Canadian ice hockey player (born 1994)

Troy Bourke (born March 30, 1994) is a Canadian professional ice hockey center who is currently an unrestricted free agent. He most recently played for EC Red Bull Salzburg of the ICE Hockey League (ICEHL). He was selected 72nd overall, by the Colorado Avalanche, in the 2012 NHL entry draft.

==Playing career==
Bourke was raised in Onoway, Alberta, and was first selected by the Prince George Cougars 26th overall in the 2009 Western Hockey League bantam draft after a bantam career with the PAC Timberwolves in the AMBHL. In the 2009–10 season, he first played midget hockey in the Alberta Midget Hockey League with the St. Albert Raiders and was selected as the AMHL top player before joining the Cougars at the completion of his midget season to begin his major junior hockey career.

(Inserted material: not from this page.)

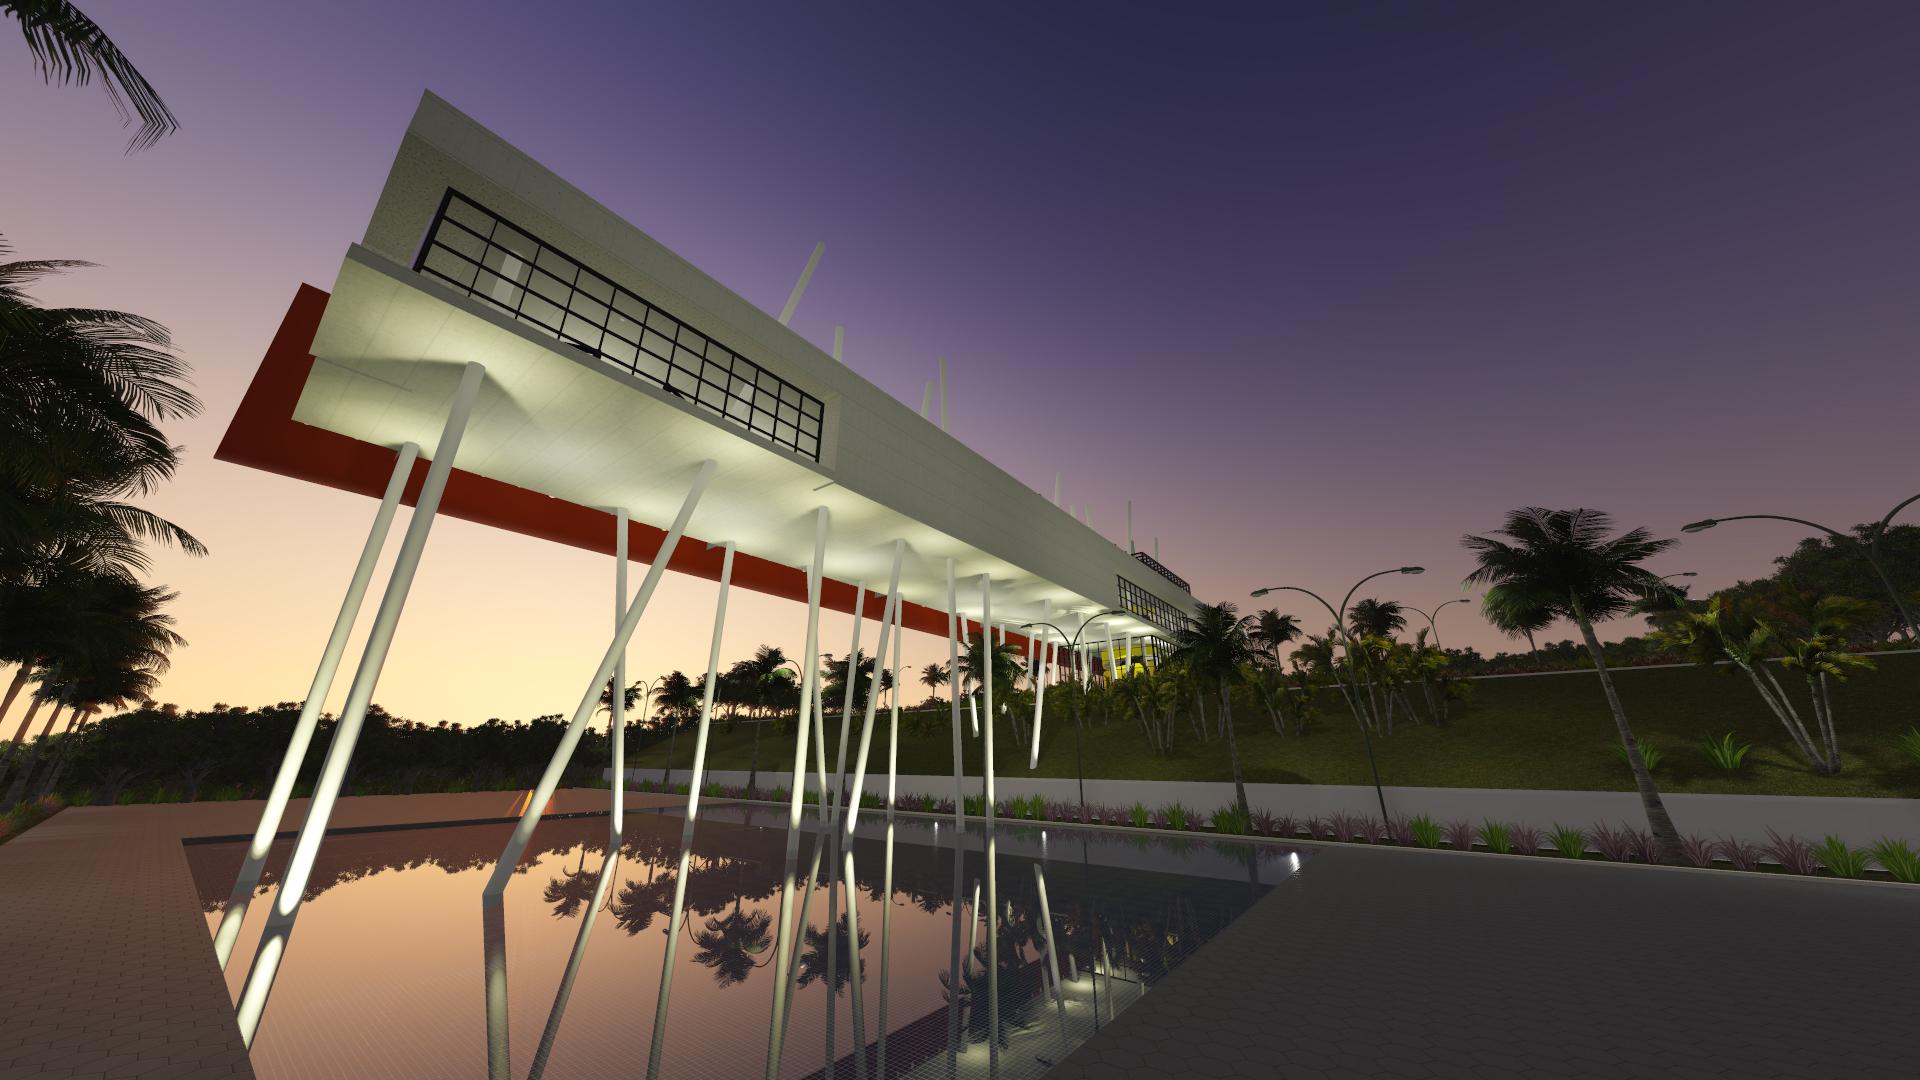 projeto-arquitetonico-museumacaiba-duo-arquitetura-02.jpg

With increasing his production in each of his first two full WHL seasons, Bourke as a then diminutive sized forward was selected 72nd overall in the 2012 NHL entry draft by the Colorado Avalanche. As the Cougars Captain in his final junior season, Bourke led the team with 56 assists and finished second with 85 points, however was unable to help Prince George qualify for the playoffs in the 2013–14 season. Bourke was then signed to an amateur try-out contract with the Avalanche's AHL affiliate, the Lake Erie Monsters on March 19, 2014. Two days later, Bourke made an impact in his professional debut in scoring a goal and two assists, in a 5–0 victory over the Rochester Americans. With the Monsters also out of playoff contention, Bourke finished the season with 7 points in 15 games.

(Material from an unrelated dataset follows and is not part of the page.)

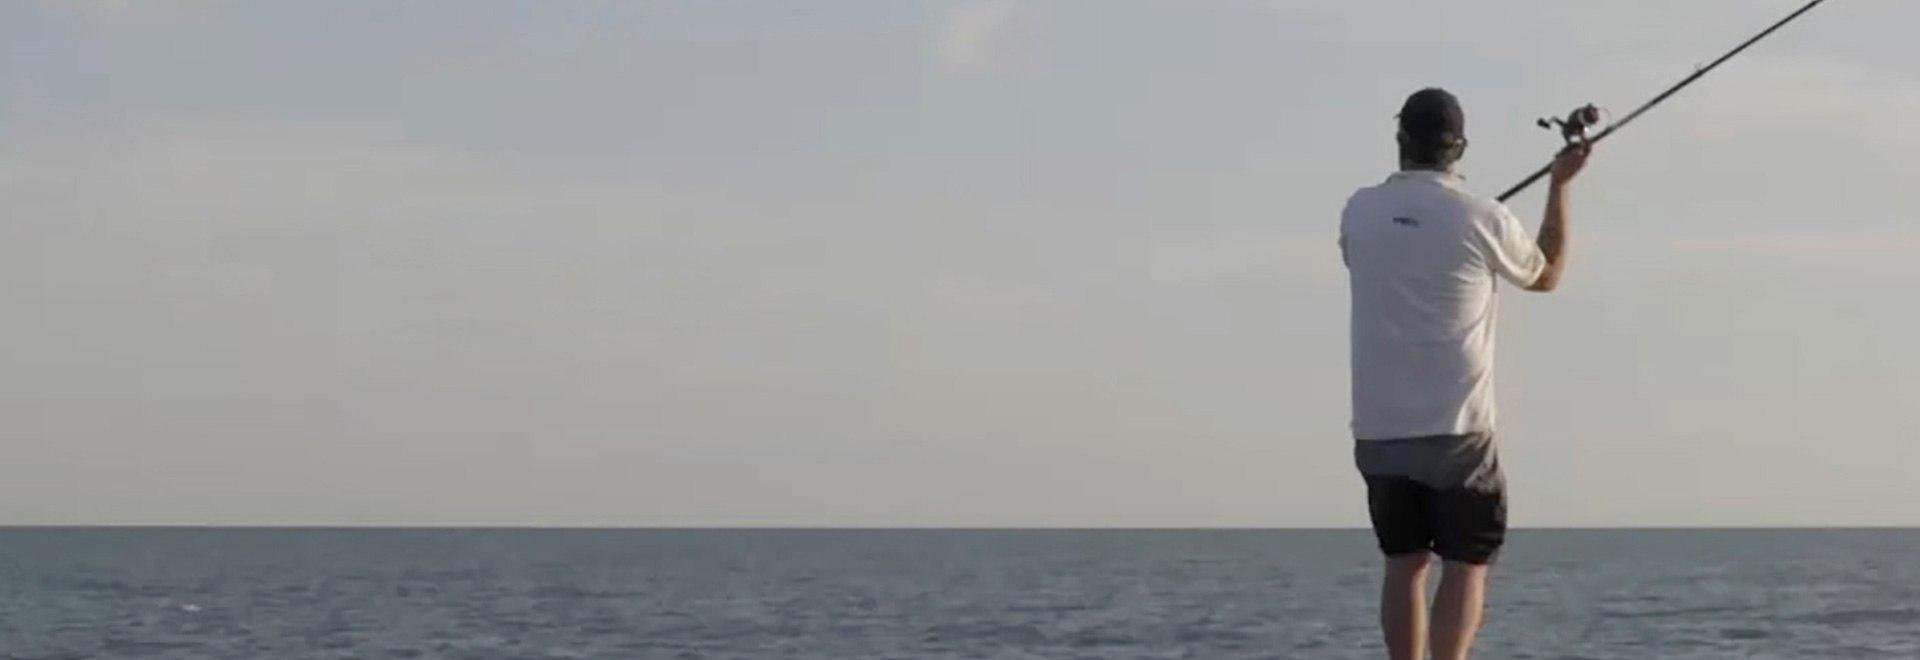 In alto mare

On May 29, 2014, Bourke was signed to a three-year entry-level contract with the Avalanche. Upon attending Colorado's NHL training camp, Bourke was reassigned to Lake Erie to begin his first full professional season in 2014–15.

On June 26, 2017, Bourke as a restricted free agent, was not tendered a qualifying contract by the Colorado Avalanche, thus ending his three-year tenure within the organization in releasing him to free agency. With no NHL contract offers over the summer, Bourke signed a one-year AHL contract with the Syracuse Crunch on September 26, 2017.

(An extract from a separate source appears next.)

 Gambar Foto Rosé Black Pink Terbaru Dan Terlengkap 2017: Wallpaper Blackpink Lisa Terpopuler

Bourke remained within the Crunch organization for two seasons, splitting the 2018–19 season, between the AHL and ECHL with affiliate, the Orlando Solar Bears.

As a free agent with his career prospects stalling, Bourke opted to pursue a European career, agreeing to a one-year contract with German club, Schwenninger Wild Wings of the Deutsche Eishockey Liga (DEL), on May 16, 2019.

Following two productive seasons in the DEL, Bourke left Germany as a free agent and was signed to a one-year contract with Finnish club, Oulun Kärpät of the Liiga, on May 28, 2021. Bourke enjoyed a successful season with Kärpät in the 2021–22 season, placing second in team scoring with 12 goals and 24 assists for 36 points in 53 regular season games.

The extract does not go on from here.